Kontos Dimitris (Mimis) (1931 - 1996)

He was born in 1931 in Tripoli (Arcadia). He studied at the Athens School of Fine Arts on a Greek state scholarship (I.K.Y.) with Yannis Moralis (1950-1955), graduating with 5 distinctions. He goes to Rome in 1958 and along with Gaitis, Caniaris, Kessanlis and Tsoklis, create the art group Gruppo Sigma (1959), participating in avant-garde movements. After a brief stay in Paris (1961-1964), he returns to Greece and works as an assistant curator at the Painting Dept. of the School of Architecture at the National Technical University of Athens. In 1968, he becomes Associate Professor of Freehand Drawing at the same School. In 1970 he resigns his post and works exclusively in his own studio–Workshop of Freehand Drawing and Painting.
During all this time, he participated in exhibitions which brought to light the innovative suggestions of the Greek Diaspora artists, the so-called ‘60s generation. In his own work, he employed a unique gestural style, often in a spiral pattern, with pencils or water colours on paper. The creation of plastic space through gesture and material alluded to both natural phenomena and the energy produced by the human body. In 1967-68, he created the Roman Pictural, an art book with the abstract poetic writing of the artist running through its pages.
A change in his career takes place in 1974, when he accepts a Ford Foundation grant and a new creative period begins.

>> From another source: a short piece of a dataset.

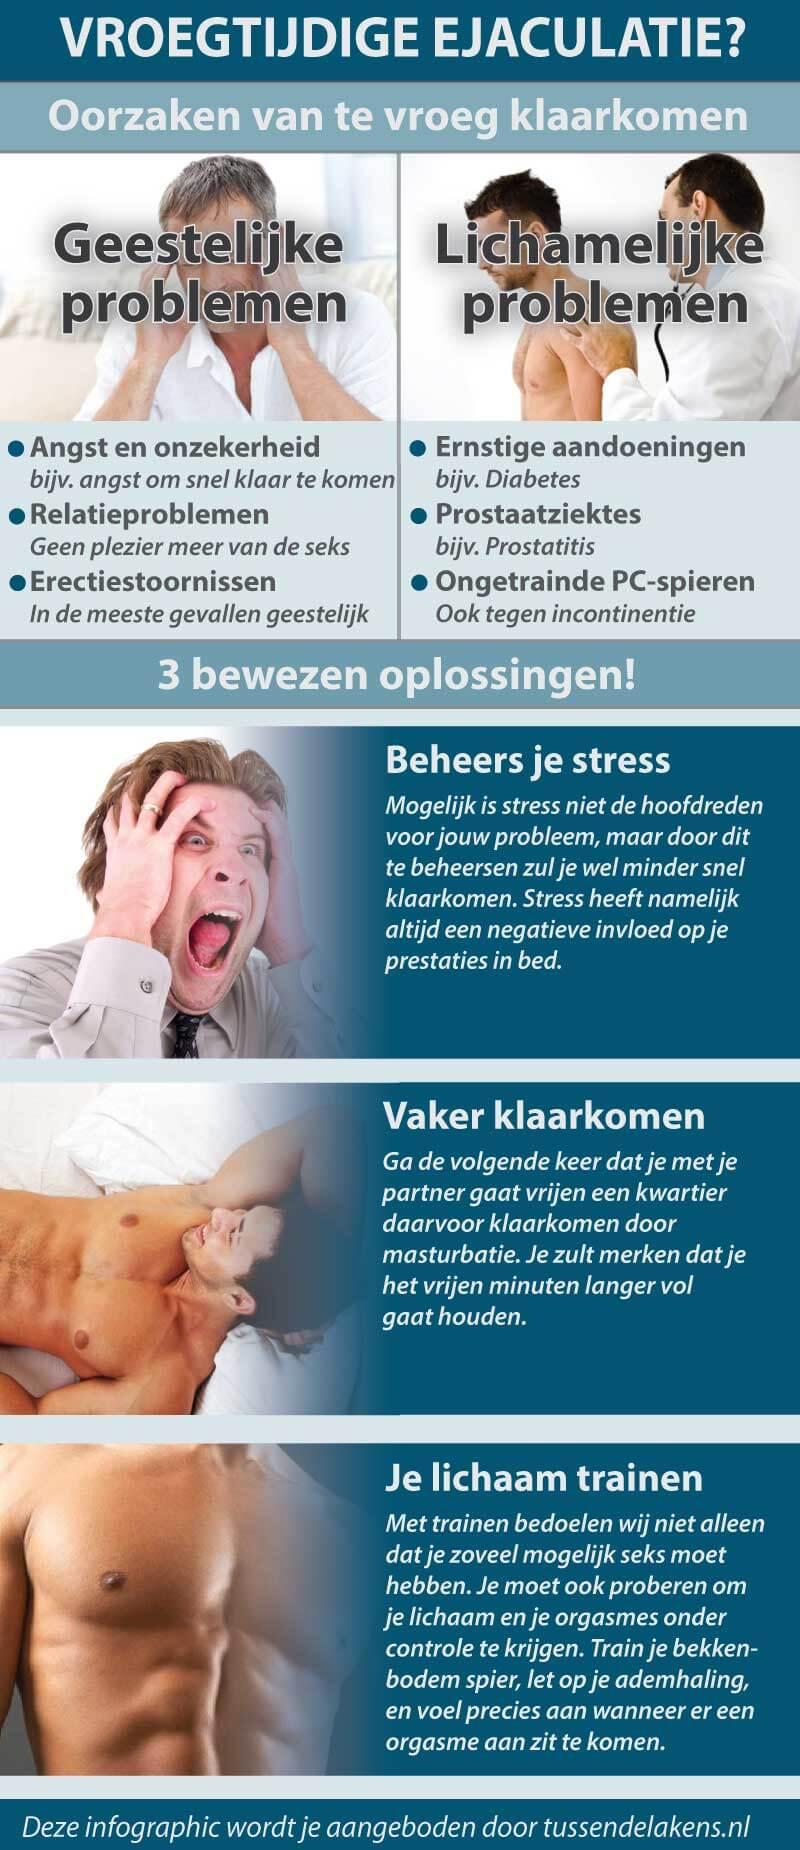 vroegrijdige-ejaculatie-voorkomen

He also agrees to finally present his work in a very first solo exhibition (Desmos gallery, 1975), where he exhibits simultaneously earlier samples and his new artwork, Latreftika, inspired by the offerings of the believers to churches, in a poignant critical spirit.
In 1984, he was elected professor at the newly established School of Fine Arts of the Aristotle University of Thessaloniki. He organized a few more solo exhibitions and towards the end of his life, he presented a series of silkscreen prints on the moon phases, confirming his particular sensibility and philosophical perception of universe and time.
He died in 1996 in Thessaloniki. In 2007, a retrospective exhibition of his work was organized at the Macedonian Museum of Contemporary Art, Thessaloniki.